Small bit of news from the relatively obscure Fringe scene down at Oxford. This may seem trivial, but this potentially sets an important precedent throughout the world of Fringe Theatre. So, the news is that that Oxfringe is no more. Stepping forward its place on a permanent basis is Oxford Fringe. And chances are most of you reading this are wondering 1) what’s the difference, and 2) why does this matter?
So, for the majority who have no idea what I’m on about. Oxford has had a long-running fringe festival, and until 2012 is was overseen by Oxfringe, who made decisions on matters such as registration fee, fringe programmes, and so forth (just like Edinburgh, Brighton and Buxton all have bodies that oversee these things). Then, in 2013, Oxfringe was unexpectedly cancelled. No public reason was ever given, but the unofficial word is that it was down to internal problems between the organisers. By this point, however, the venues were already booking up acts. So the venues took matters into their own hands, pooled their programmes together as “Oxford Fringe”, and Oxfringe effectively went ahead in everything but name. (Oh, and when I say “the venues” took matters into their own hands, the other version of events is that it was Tom Crawshaw of Buxton and Oxford’s Underground Venues single-handedly rescuing the fesitval. I know Tom, and he’s not the sort of person to claim it was all down to him even if it was. But you get the idea.)
This was supposed to be a temporary arrangement for 2013, with Oxfringe promising to be back in 2014. Now, it’s becomes a permanent, and from now on it’s Oxford Fringe all the way (with, incidentally, Oxfringe – or what’s left of it – backing Oxford Fringe all the way). Whilst last year’s festival was a hastily-arranged programme consisting on major venues clubbing together, this year it’s been made clear that Oxford Fringe is still an open festival – so if the established venues won’t have you, you’re still welcome if you find your own. And chances are most of the people going to this won’t notice the difference.
So why is an administrative story from a minor fringe such a big deal? The reason is that this confirms a long-standing theory about British fringe theatre: no-one owns the festivals. The governing body of a Festival Fringe is the most dispensable part; the real power lies with the venues and the performers. I have no reason to believe that the fringe societies of Edinburgh, Brighton or Buxton are in danger of collapsing due to infighting or any other reason, but if that ever was to happen, we can safely assume the venues would step in and keep it going, creating their own fringe if they have to.

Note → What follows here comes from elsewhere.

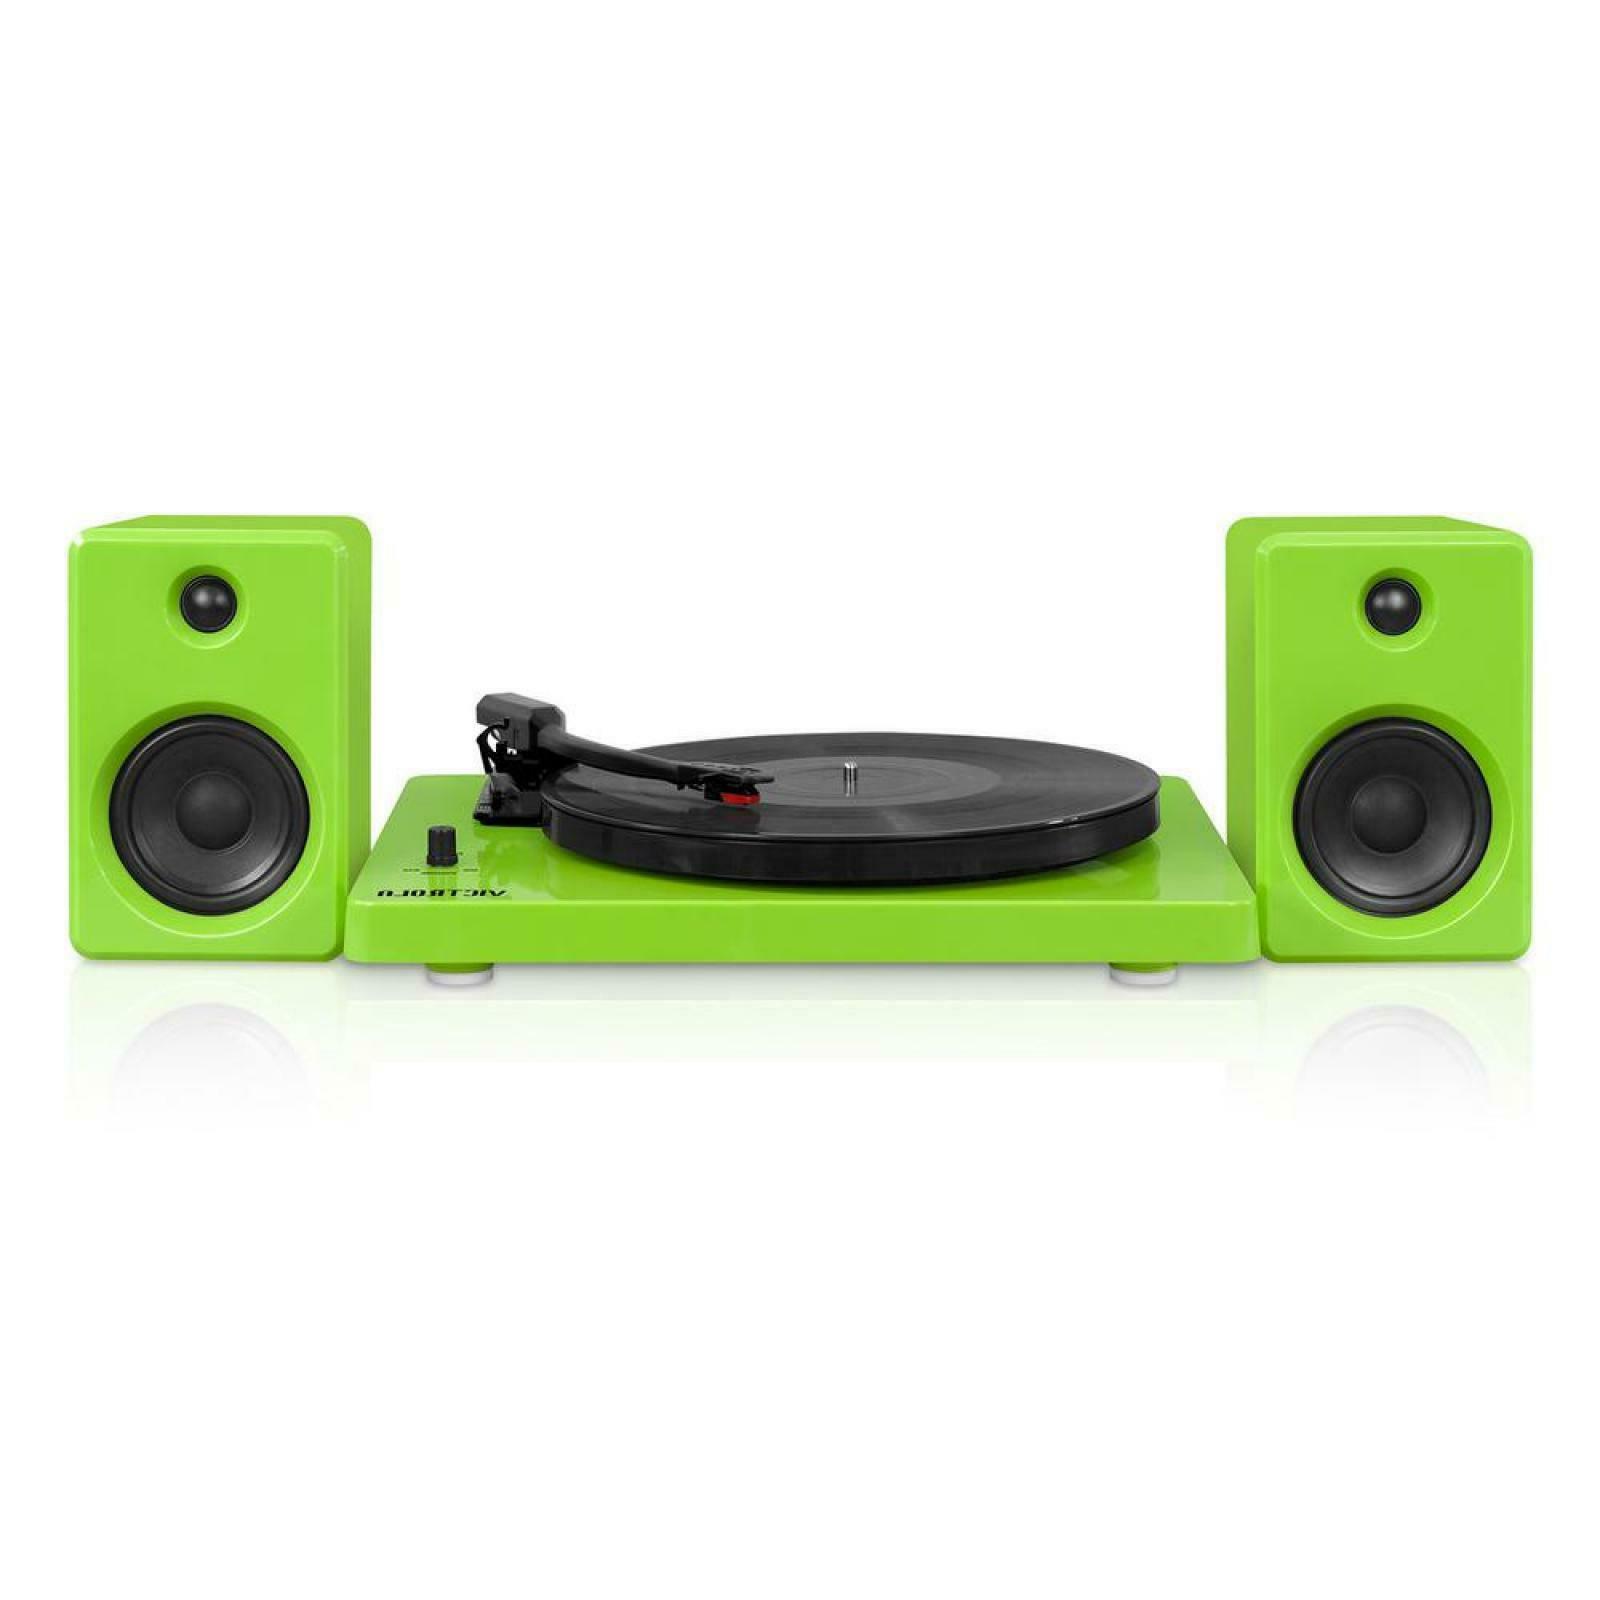 Green Vinyl Record Player 3-Speed Turntable Bluetooth 50W Au

But the implications potentially go further. In the case of Oxford, the venues broke away because they had to, but what’s to say they couldn’t break away from an active fringe if they didn’t like the way it was going? That could be a good thing or a bad thing. It might be bad if, for instance, the super-venues at Edinburgh broke away to form a fully-vetted “Edinburgh Comedy Festival” (not that I think they’d ever do that). But on the whole, I think this is an important check and balance. If the Edinburgh Fringe starting overcharging registration fees to turn aspiring actors into cash cows, or started censoring acts who were critical of an ethically dubious sponsor, you could expect acts and venues to break away en masse. So there’s no chance of that happening.
If all this hypothetical talk of overcharging and censorship sounds paranoid, it’s not as unlikely as you think. In Canada, where you are prohibited from starting a Fringe Festival without permission from self-appoint Fringe authority, there are allegations of both. It is unfortunate that Oxford has had to go through such a faff to carry on doing the same thing, but the fact that it was the venues and performers who took ownership of the fringe – and not some authority controlling whether they can do it – is something about the British fringe ethos that we should be proud of.